The past few years I had a lot of eye-opening, mind-expanding experiences that gave me a sense of my part in the grand mish-mash of the cosmos, and for a while there I had developed this laughing Buddha, shamanaic sense of humor about life, the universe and everything. But the spiritual side of things has always been easy for me. It’s more the day to day stuff that’s hard for me. I naturally rebel against structure of any kind. It’s hard for me to keep a job, keep a place, that sort of thing. When I have to do the same thing every day, for weeks and months on end, I start to boil over and lash out. It’s a huge weakness and one I’ve been trying to work on the past years. And I’ve made progress, but it’s come at the cost of other things, including parts of myself that I valued and progress along other lines that felt like it was going somewhere.
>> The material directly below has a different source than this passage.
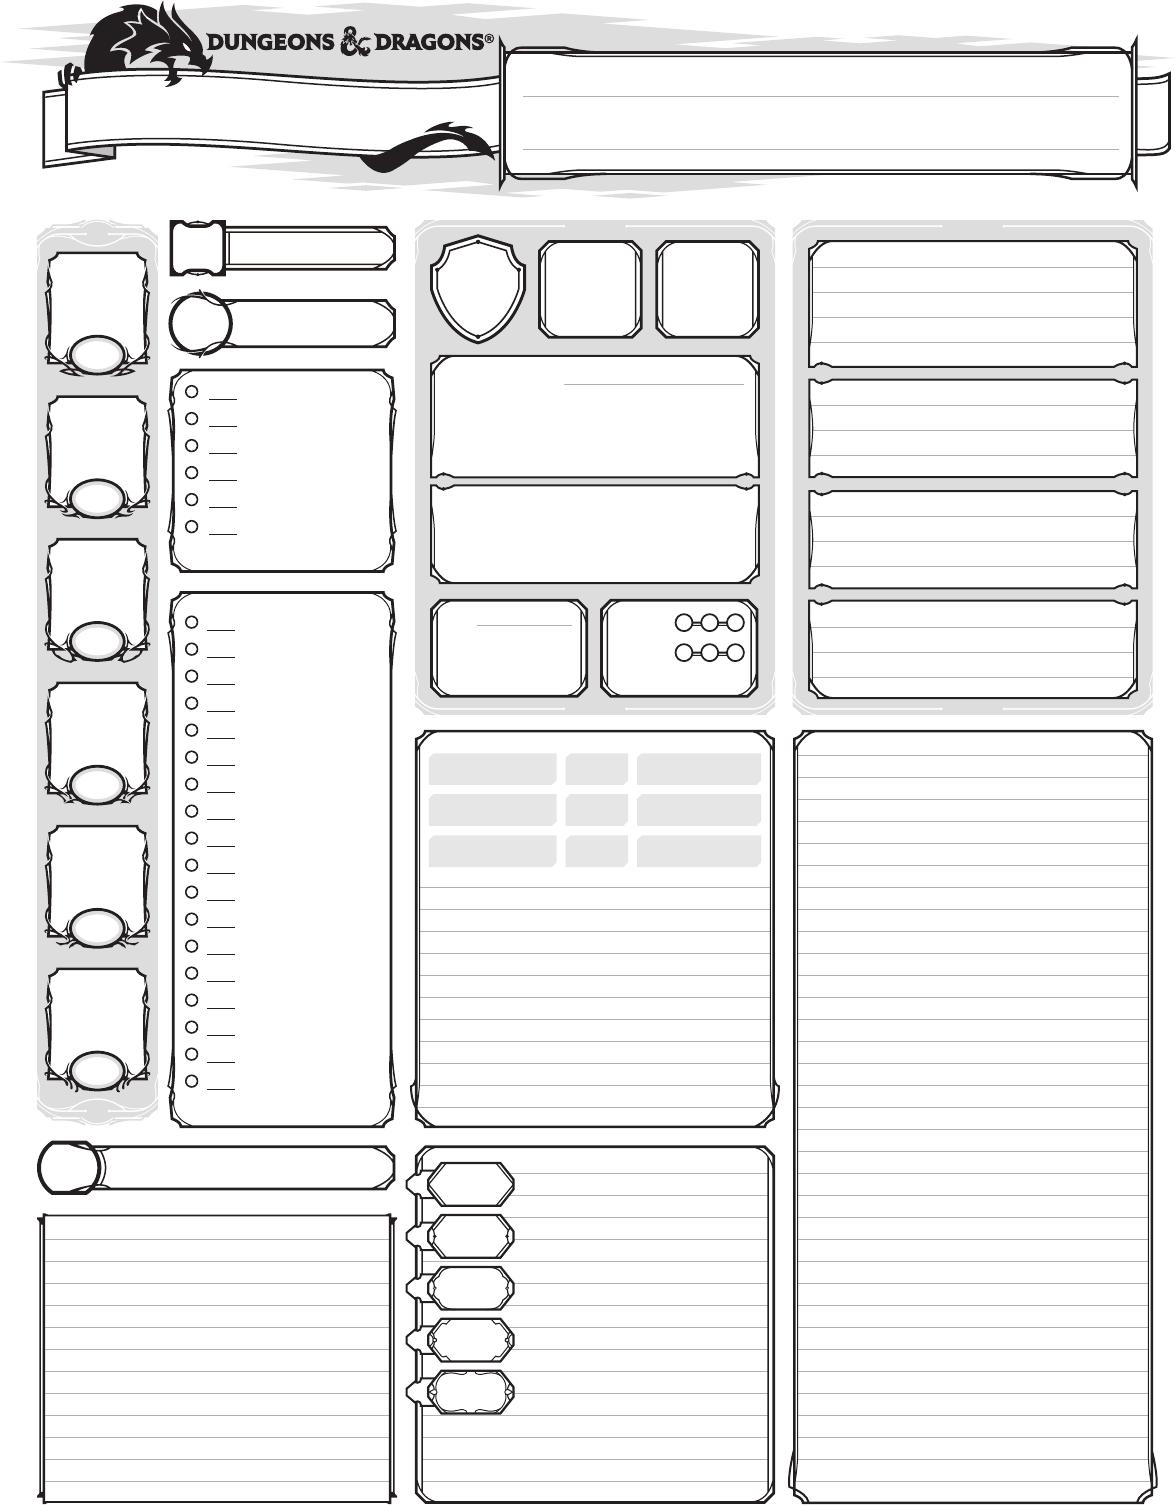 Dnd 5e Character Sheet Printable Free

I’m getting the basic day to day stuff in order, which is sadly a kind of progress for me, but holy crap has that meant everything else comes to a standstill. I still don’t have a book written. I’ve completely dropped out of any kind of activism. It’s been a long while since I did anything weird in public (or at least anything weirder than normal for me). I haven’t had a girlfriend in a year now. Truth is, I don’t feel like I have a life anymore. I feel trapped.
I really don’t know where I am at this point. Am I getting better? Am I making progress? Or have I found a new way to get stuck? I think I’m getting better. I’m certainly feeling like an “adult” at long last, at least in some ways, though truth is some days I still feel like I’m waiting for someone to give me permission instead of seizing life by the hair and fucking it into submission the way I should, the way I want to deep down. I feel like I’ve been socialized to hold back, to wait, to be quiet, to not do anything worth doing. And for a while I was breaking out of that… and now I find myself back in the same box. Frustrating. But at the same time I feel like if I did get myself motivated again, I would be that much stronger because of the last year’s worth of montage-sequence bullshit.
All I really know right now is that the life I’m living has to come to an end. I have to do something different. And I have to stop being so goddamn afraid to do it for myself instead of sitting around like I’m waiting for someone to give me permission. Because as long as I keep living like this, I’m just going to be angrier and angrier every month, and I know whose fault that is. Huh. Turns out I know who I’m angry with.
Stop fucking around, self. Do something.